The 11th-hour decision likely will not help much, but Rebekah Jones continues to strive for relevance.
Today is Florida’s primary and in last-minute legal wrangling, disgraced former State Health Department worker, Rebekah Jones has been cleared by an appeals court late Monday to remain a valid candidate on the ballot in the Democratic Party runoff for District 1. The west Panhandle district is where Matt Gaetz hails from, and Jones had launched her bid for his seat last year – while living out of state.
The Jones saga was brought to the courts in July when her Democrat challenger Peggy Schiller filed a suit that stated Jones was ineligible because of a relatively new Florida law. In an effort to prevent crossover voting and manipulating primary results the state passed a law stipulating that candidates of a declared party must be registered as such for a calendar year. This is where Jones ran into issues, and in her typical fashion resorted to wild claims and manipulations to evade responsibility.

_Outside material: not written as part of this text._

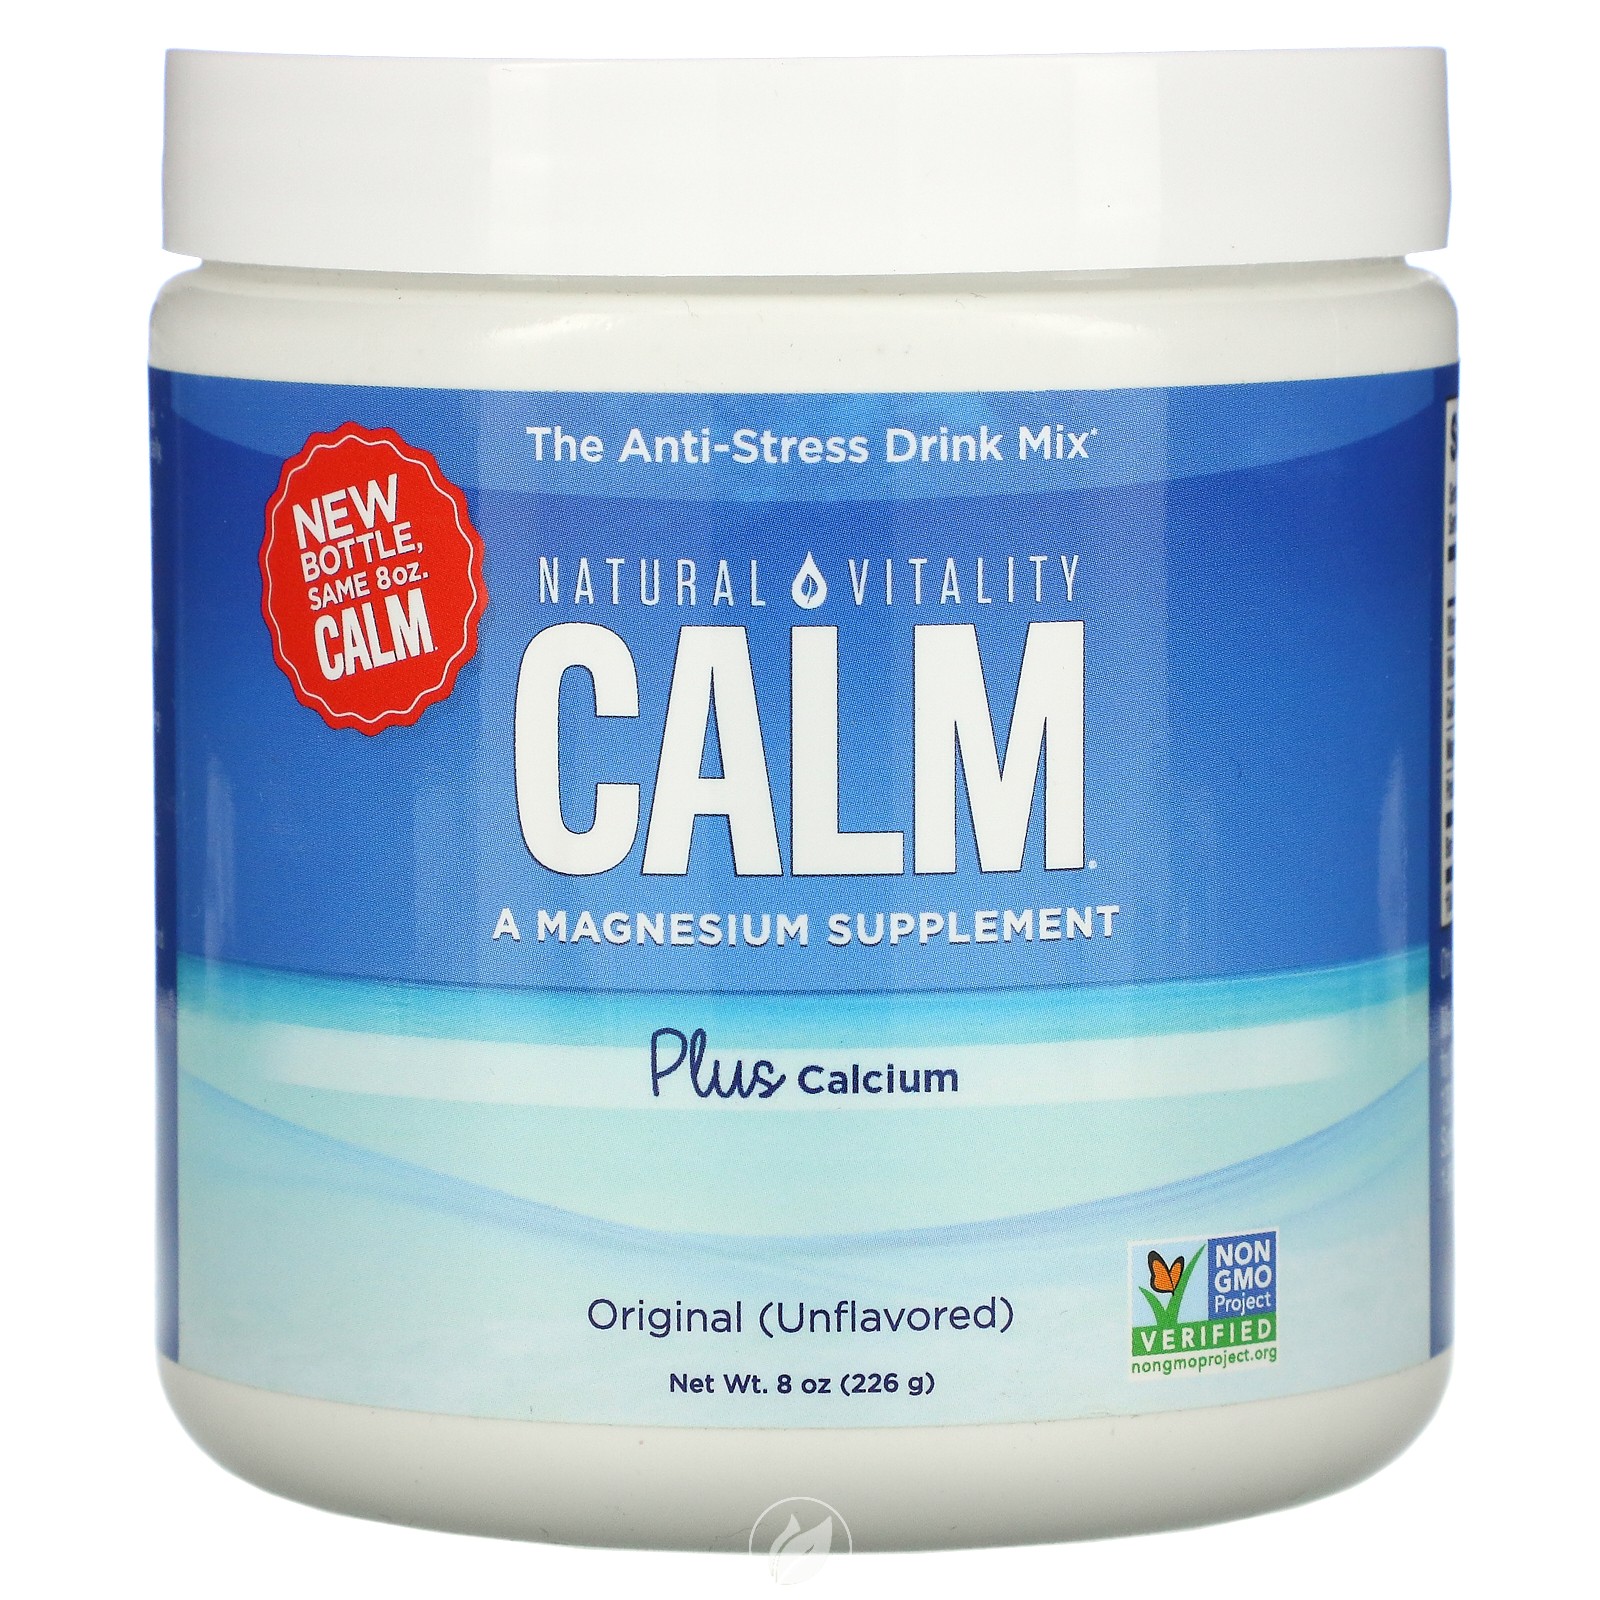 Natural Vitality, Calm, The Anti-Stress Drink Mix Plus Calcium, Original (Unflavored), 8 oz (226 g)

The issue is that in 2021, while living in Maryland, Jones had in fact registered as a Democrat well over a year ago, but for a two-month period she had changed her affiliation to “Unaffiliated”. She switched her party back to Democrat in August of 2021, but that meant she was not affiliated for the full year prior to filing as a candidate in Florida. A judge ruled against Jones in the suit and she was deemed invalid as a candidate, meaning today Schiller would have been declared the nominee as all votes for Jones would have been discarded.
During that hearing in July Jones and her counsel tried to argue that she had not in fact changed her party, that the move was done without her consent as she alleged she had been hacked. Not only does this defy common sense but it implies there was a grand conspiracy by forces anticipating her running in Florida and hacking her voting account, somehow done in preparation for her as yet unannounced campaign.
The judge swept aside the claims, as there was no indication of the voting rolls being hacked in any manner. Also disqualifying, Jones had filed at that time last year to run for office – registering her campaign as an Independent. She switched to running as a Democrat right after her voting affiliation was switched back to that party.
The three-judge appeals panel came back with its decision yesterday on what can only be deemed a technicality. They ruled that the lawsuit brought up after the filing of a candidate was invalid because as they decided, the law has no provisions for such a legal challenge. In the most obtuse of interpretations, they declared that the 365-day legal requirement has no means of being enforced.
The law requires candidates to affirm in writing that they meet requirements related to party affiliation. But the appeals-court ruling said the law “does not require proof of actual party affiliation, nor does it speak at all to disqualification of a candidate if those sworn affirmations turn out to be untrue. It provides no express authority to disqualify a party candidate if she was not in fact a registered party member during the 365-day window.”
“If we were to construe the party affiliation statement in (a section of state law) as a basis for disqualification, we would be reading into the statute what the Legislature chose not to include,” said the ruling, written by Judge Rachel Nordby and joined by Judges Harvey Jay and Scott Makar.
Umm…I’m sorry, but What?! The law requires a year of candidacy, but the law does not require proof?? And though it bears the requirement, if one fails to meet that requirement it is not a basis for someone to be disqualified. This means that as long as someone writes down that they were a party member for a year, that is good enough! No one can challenge the claim, because you are not allowed to demand proof.
This actually seems fitting for Jones, whose entire existence seems to be rooted in altered facts and subterfuge. A state investigation into her claims found zero evidence of the manipulation of data, as she alleged she had been ordered to do by health board authorities. Jones not only is not medically accredited nor a scientist, but she did not have the power from her position to access the portions of the portal claimed to have been altered.
On her campaign page, Jones lists herself as a “whistleblower” and a “scientist”. It is only fitting that she has judges rule in her favor based on the claim a law sets out stipulations but has no means of enforcement.